*TASK OBJECTIVE*
Repeat only the lines from the one that contains "dettaglio-corridoio-ingresso-libreria-mobile-contenitore" through the final line of the listing below, exactly, please, without pictures.

*INFORMATION PROVIDED*
"""

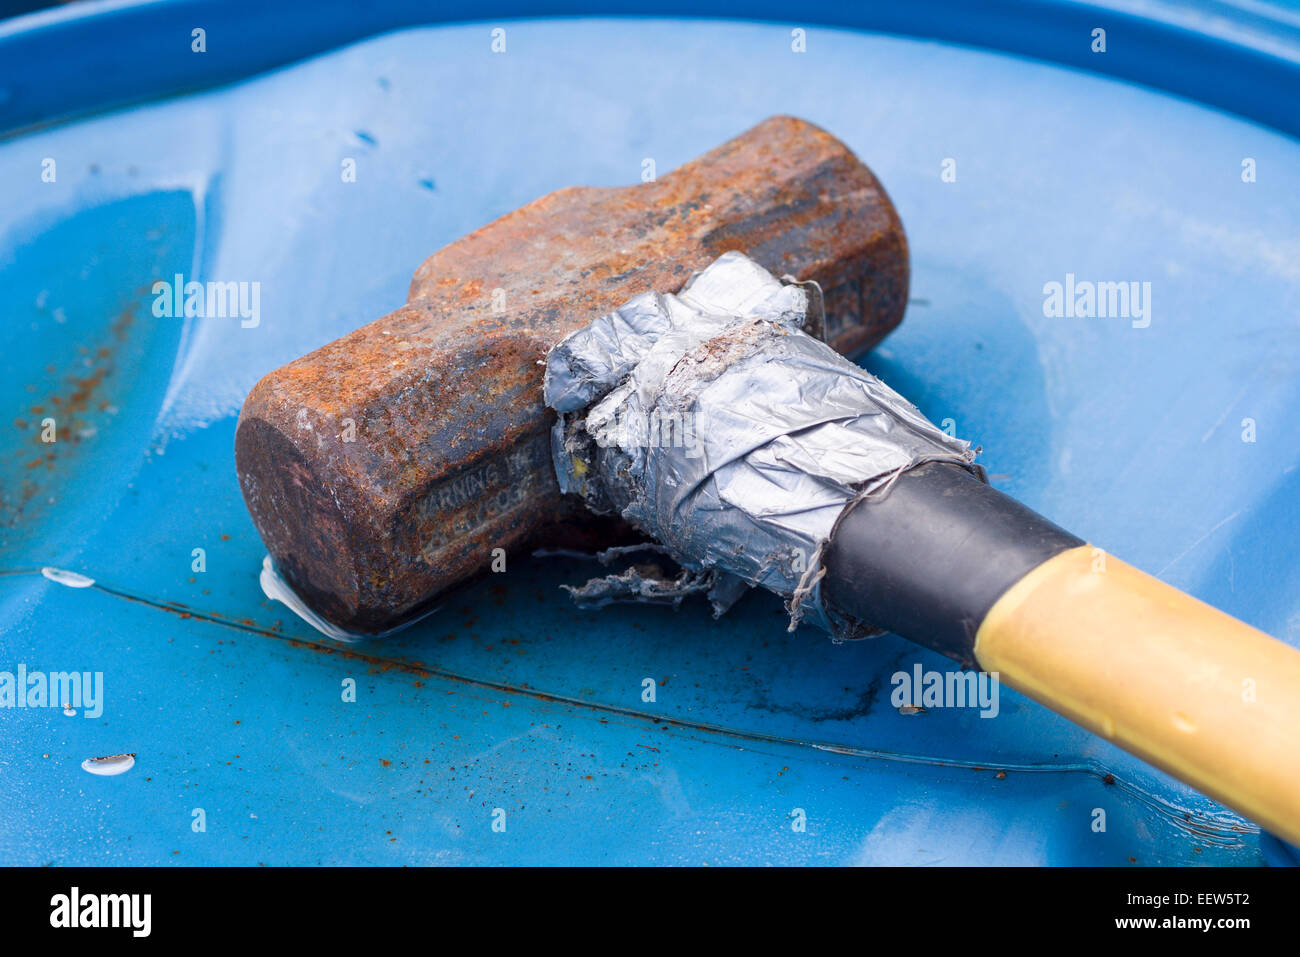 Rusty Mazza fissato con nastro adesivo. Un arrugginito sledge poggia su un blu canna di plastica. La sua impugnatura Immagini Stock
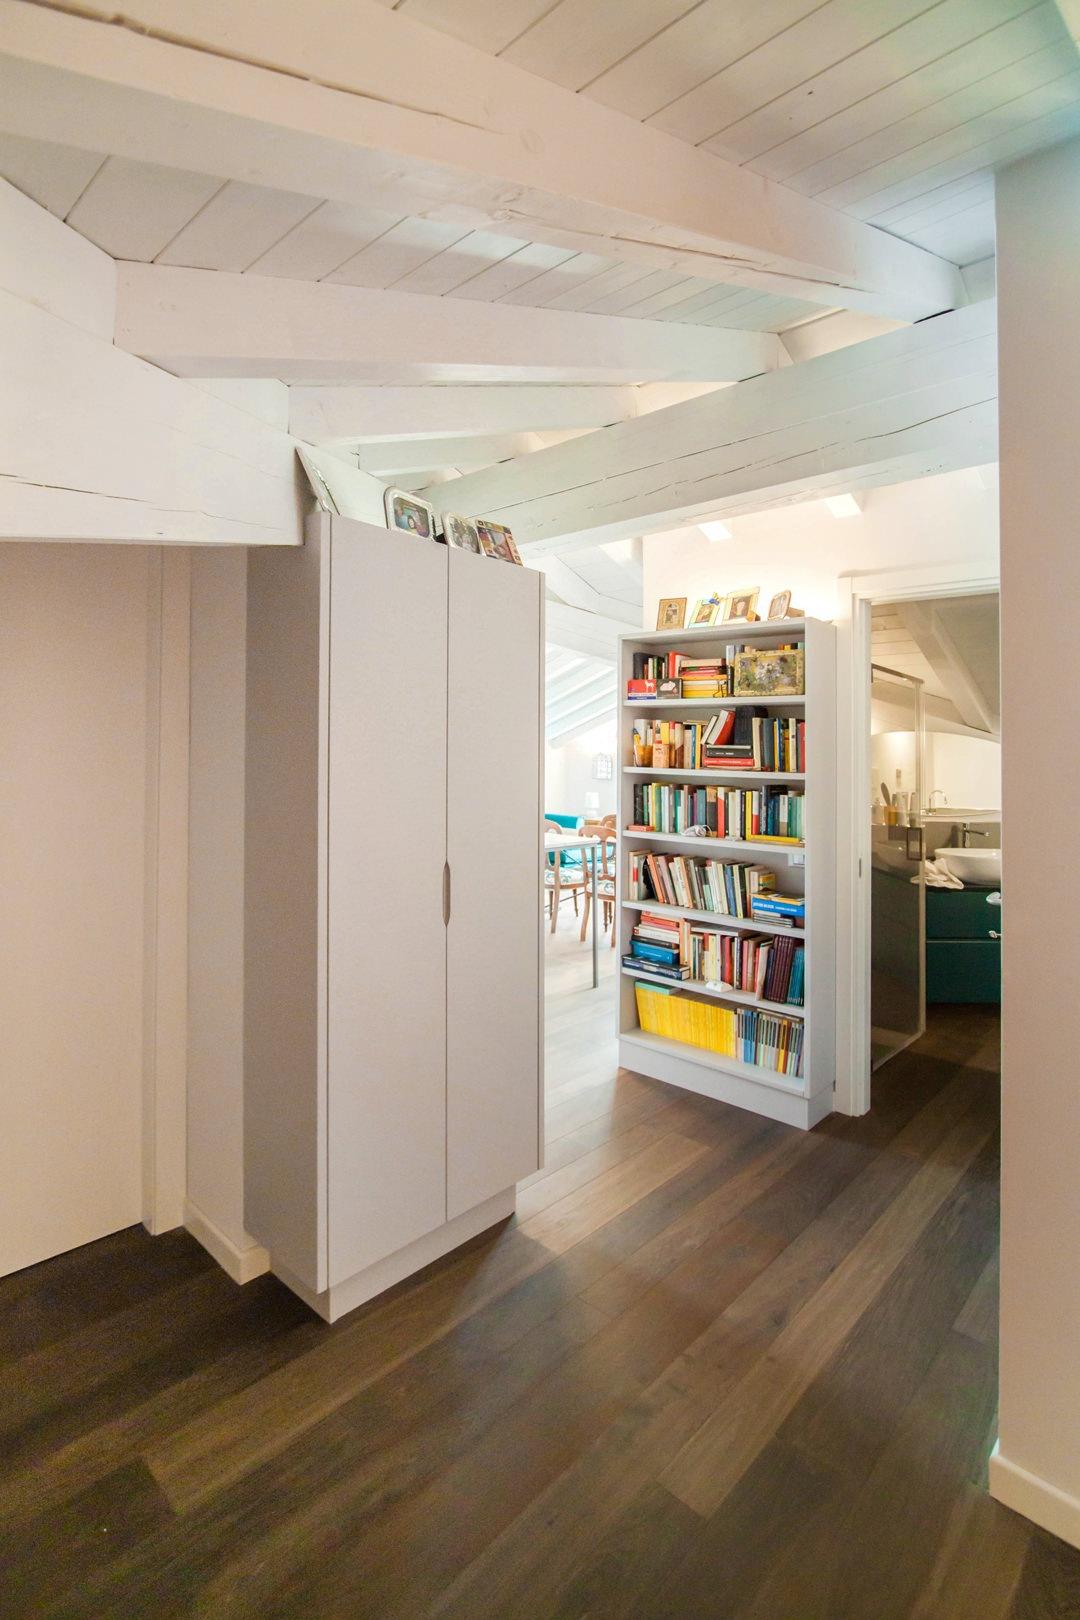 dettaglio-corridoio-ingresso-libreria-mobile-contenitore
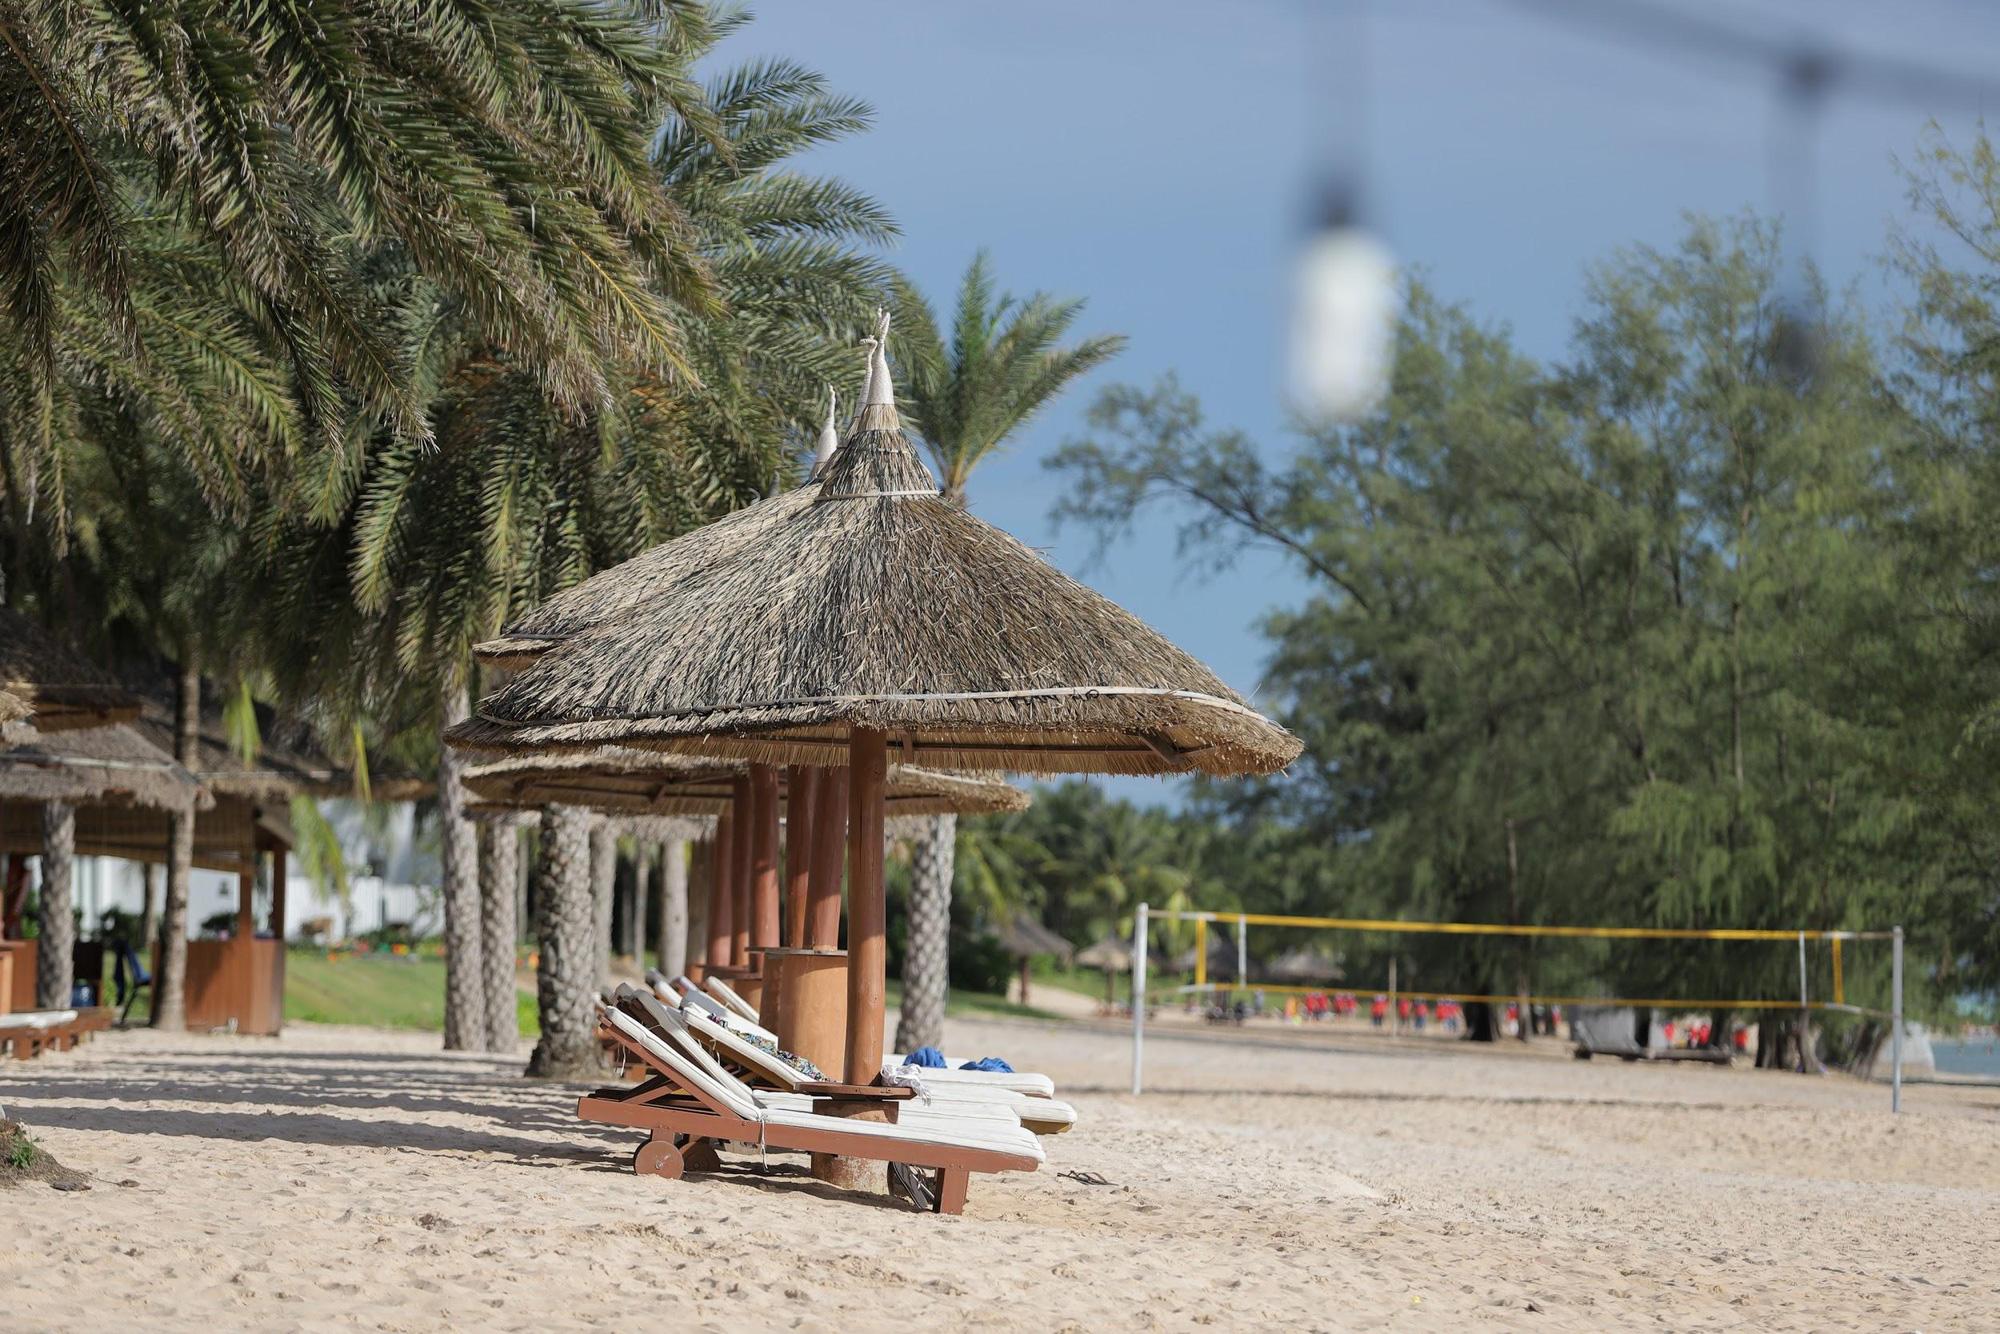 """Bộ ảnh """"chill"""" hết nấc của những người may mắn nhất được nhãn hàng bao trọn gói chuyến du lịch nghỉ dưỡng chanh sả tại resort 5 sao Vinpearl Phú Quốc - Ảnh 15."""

"""

*EXERCISE OUTPUT*
 dettaglio-corridoio-ingresso-libreria-mobile-contenitore
 """Bộ ảnh """"chill"""" hết nấc của những người may mắn nhất được nhãn hàng bao trọn gói chuyến du lịch nghỉ dưỡng chanh sả tại resort 5 sao Vinpearl Phú Quốc - Ảnh 15."""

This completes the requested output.